02/28/2018 2:54 pm EST


Gene Inger

Editor, The Inger Letter

My economic argument for later this year: no catastrophe but perhaps a serious correction. And we know that interest rates won’t by intention be officially raised too high, because of the huge challenge of  debt service, says Gene Inger of The Inger Letter.

Economic assessmentsby the new Fed Chairman were as expected along the lines of somewhat higher prices, stronger economic outlook and multiple rate hikes.

The market was a bit roiled as if expecting less than a positive tone, which I wouldn’t call hawkish, but realistic. Makes no sense that equities overreacted given this was expected but clearly denotes how sensitive this market is, and on top of the congestion zone that needs to not be penetrated heading south or look out below.  

chart 1

I understand that a cursory glance at more or less total economic activity pictures doesn't reflect the anticipated gains the equity market has already displayed regarding future profitability. To a degree, the stock market was up because it could move up with flows of cash within and to the United States, not merely due to buybacks.

chart 2

We do have an S&P 500 (SPX) level that requires not only growth but somehow the maintenance of price stability. (The Fed’s mandate shouldn’t push a desire for inflation but does.) Of course, that’s what we argued if Trump won: that the stock market would soar regardless of economic meat being tangible in the near-term. It was improving but so gradually.

chart 3

As I await my flight back to Florida Tuesday night, we smile a bit as Consumer Confidence has surged to new highs, while the same survey shows stock market hope as somewhat plunging. So, what do I make of that? People are smarter than pundits give them credit for. 

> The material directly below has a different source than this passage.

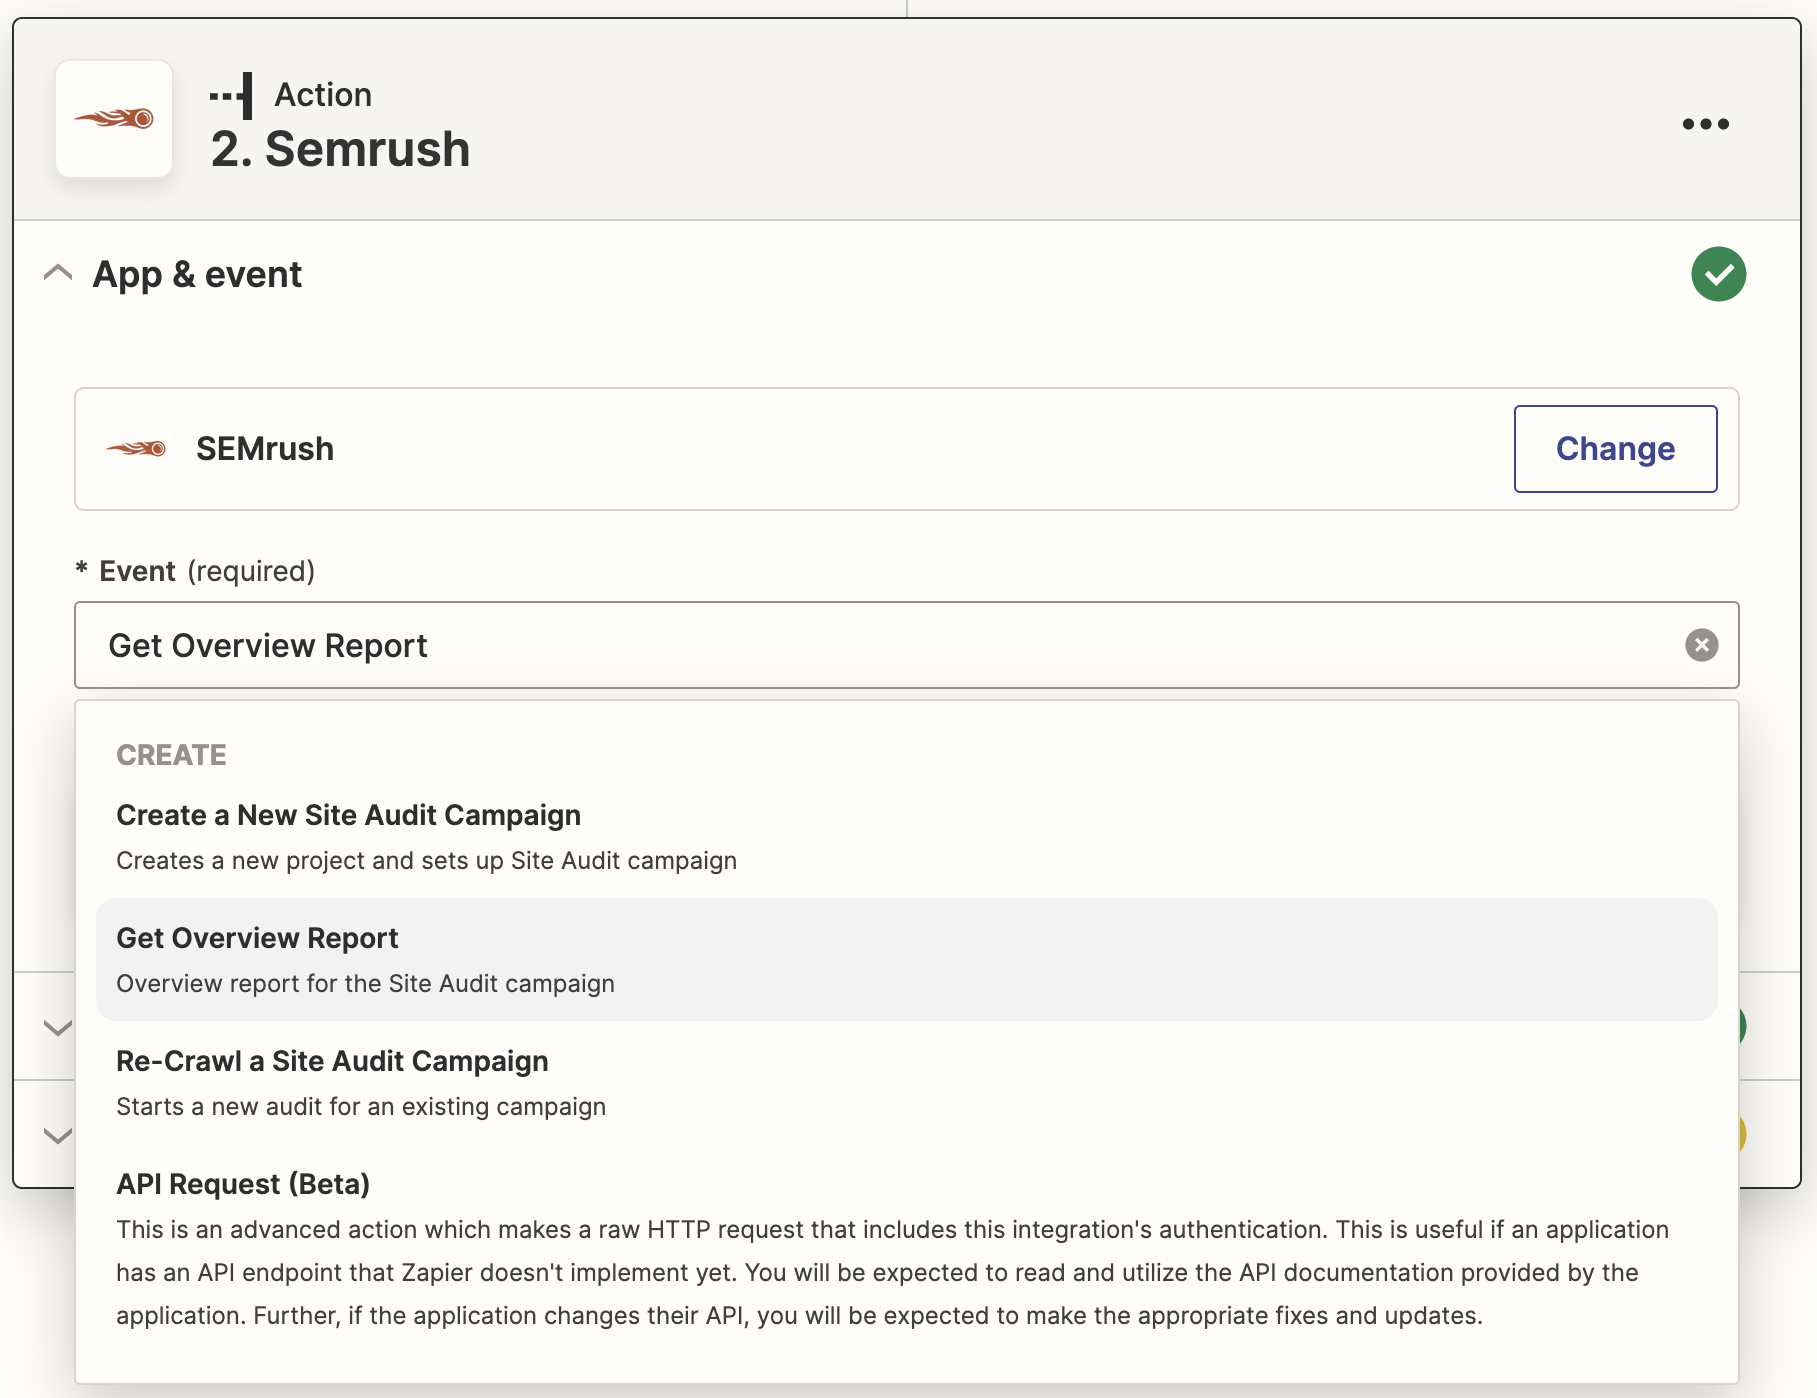 App & event tab in Zapier, showing available actions for an example event 'Get Overview Report'.

It’s perfectly normal to allow for a stock market that anticipated (discounted) the political, fiscal and monetary change in the past year--plus, to actually rest or correct to various extents, even as the fruition of those policies kick-in and levitate the economy better.

chart 4

In-sum: that’s my economic argument for later this year: no catastrophe but perhaps a serious correction. And we know that interest rates won’t by intention be officially raised too high, because of the huge challenge of  debt service. Of course, the rub is as I’ve assessed: they aren't fully in control of that. It’s precisely why rates have perked-up even as a Fed delay in moving official Funds rates higher stalled (likely due in March).

chart 5

I concur with analysis suggesting the Fed wants to rein in the pace of rate growth (due to not being blamed for a recession or another fiasco in markets). The markets have a way of pushing them behind the curve as we’ve assessed, even as they took no recent overt action other than letting paper roll-off the balance sheet. 

chart 6

Bottom line: The ongoing debate about rates, policies and desire by a Fed that knows the fiscal debt expansion level are unusual to say the least in a later stage of a business cycle. They tend to be myopic as I have contended. When you factor in the importance of ECB and BOJ as well as BOE moves, you have a better idea of the rate relativity and the amazing fund flows into the US, as well as rates being nudged upward.

The stock market move persisted within context of an A-B-C rally but will be long-in-the-tooth, combined with rising complacency again, soon. At the moment, it must consolidate and rebound or soon becomes now. 

I enjoyed visiting family, traders and investors in New York this week. I appreciate the guest appearance at TradersExpo, and I thank Sophia, Debbie and Charlie for inviting my sharing of serious strategy views and risks.